Flames Season Defined by Inconsistency

The 2017-18 season did not go the way the Calgary Flames had hoped. With Johnny Gaudreau and Sean Monahan leading the offense, Travis Hamonic being brought in to bolster the blue line, and Mike Smith expected to deliver consistent goaltending, playoffs were expected to be a shoo-in. But then, inconsistency kicked in.

Gaudreau and Monahan were lights out to start the year, Smith was looking like a potential Vezina Trophy candidate, and the power play was extremely effective. Of course, this was all early in the year. When it really mattered most, when the wins were an absolute necessity in order to make the playoffs, no one came to play.

Scoring

For the first few months of the season, Gaudreau and Monahan seemed unstoppable. Gaudreau was in early conversations for the Hart Trophy, while both he and Monahan were on pace to smash their previous career-highs in points. While the pair continued to light up the scoresheet and did go on to set new career-highs in points, their individual success wasn’t being reflected in the standings, due to an extreme drought of bottom-six scoring.

Sean Monahan Flames
Sean Monahan (Amy Irvin / The Hockey Writers)

It wasn’t until near Christmastime that all lines were producing offensively, and to no one’s surprise, the wins followed. It was following the Christmas break the Flames would string together a seven-game win streak, scoring 27 goals in the process.

But following the win streak, was a losing streak. Then another losing streak. And then another. Their most recent losing streak was a critical and season-ending one, which they’re currently still riding as of Mar. 26. The Flames have now lost five straight, scoring only seven goals, and realistically dropping out of the playoff race.

Although the lack of offense wasn’t the only contributing factor to the accumulating losses down the stretch, it certainly was the most critical.

“Our scoring has dried up. Not from a lack of effort. Not from lack of chances,” said Flames head coach Glen Gulutzan in a Calgary Sun article. “We’re generating shots and chances. Yeah, it gets frustrating for the guys when they’re getting looks and they can’t bury, but they’ve got no choice but to keep going.”

Not so Potent Power Play

It may be hard to believe right now, but the Flames’ power play was actually excellent to start the season. It seemed like almost every goal they scored was with the man advantage, which ranked in the top ten in the league. But approximately two months into the season, it was nothing but crickets.

Many fans are using Gulutzan and assistant coach Dave Cameron as scapegoats for the drastic decline in the power play’s efficiency. While they could very well be part of the problem, the bigger issue was the loss of Kris Versteeg.

Versteeg Flames
Kris Versteeg of the Calgary Flames. (Candice Ward-USA TODAY Sports)
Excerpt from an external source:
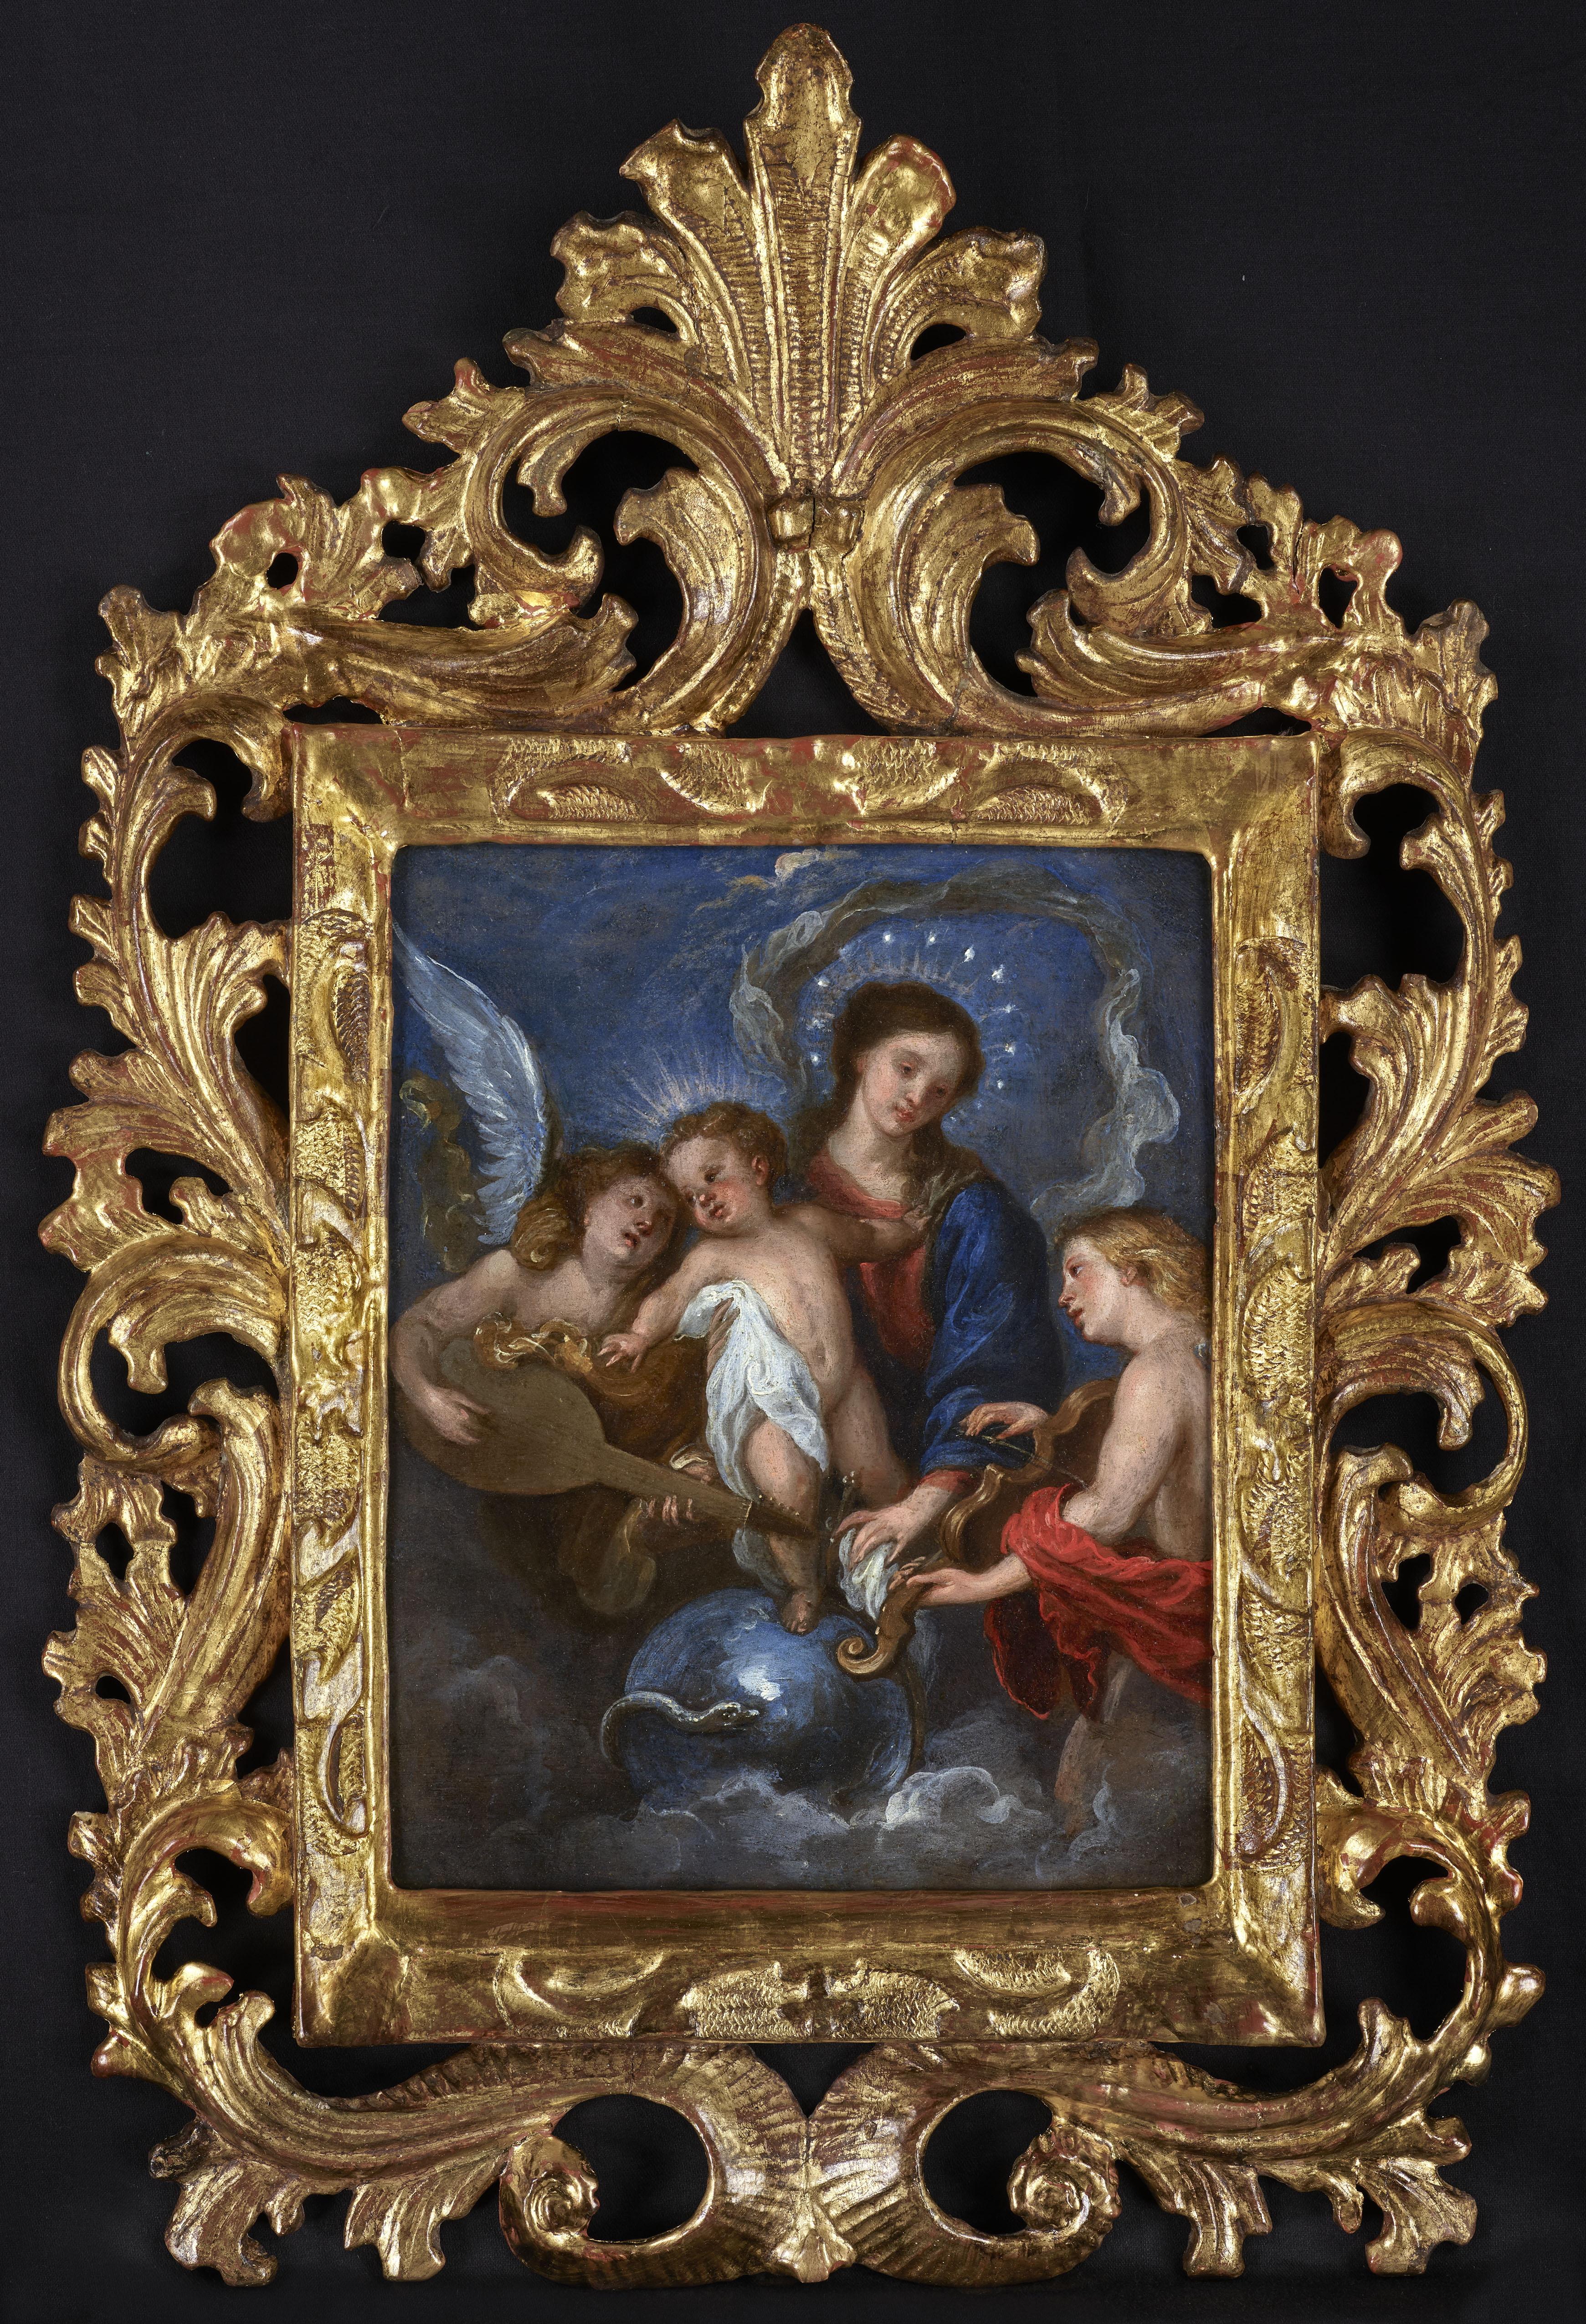 Virgin and Child with Music-Making Angels - Painting by Anthony Van Dyck

Versteeg may not light up the scoresheet, but he was an essential part of that top power play unit, and immediately after he went down with long-term hip injury, the man advantage also went down. It’s no coincidence the Flames power play was one of the best in the NHL to start the season (with Versteeg), then took a nosedive without him.

“We’re having a little trouble generating, we’re squeezing a little bit five-on-five, but our power play is the one thing that has to bail you out when you go through these things. And it’s not,” said Gulutzan in a Calgary Sun article.

Goaltending

The one area for the Flames that has been solid pretty much the entire season is goaltending. Smith has been as reliable as they come for over three-quarters of the season, and is likely still considered the Flames’ MVP. On multiple occasions, Smith was the sole reason the Flames won the game. He continued to prove night in and night out why the Flames brought him over from the Arizona Coyotes.

Mike Smith Flames
Calgary Flames goalie Mike Smith (Sergei Belski-USA TODAY Sports)

But when the Flames needed him most, when the games were must-wins to remain in the playoff race, he simply wasn’t there. Perhaps it was simply bad luck on Smith’s part, as he suffered a lower-body injury Feb. 11 that kept him out of action for one month. It was evident Smith was not the same following his return, which was simply a bad break for he and the Flames. Even in Smith’s absence, backup David Rittich, who was exceptional in each of his starts for Smith’s off-nights, failed to succeed as the temporary starter.

At the end of the day, the Flames showed, at one point in the season, they’re capable of playing to an elite level in all facets of the game. When healthy and on point, the offense can score with the best of them, with the right personnel, the power play can be lethal, and with Smith at 100 percent, goaltending is their biggest strength.

It’s tough to win consistently in the NHL if you’re not executing consistently on each area of the ice. And the Flames simply weren’t a consistent group this season.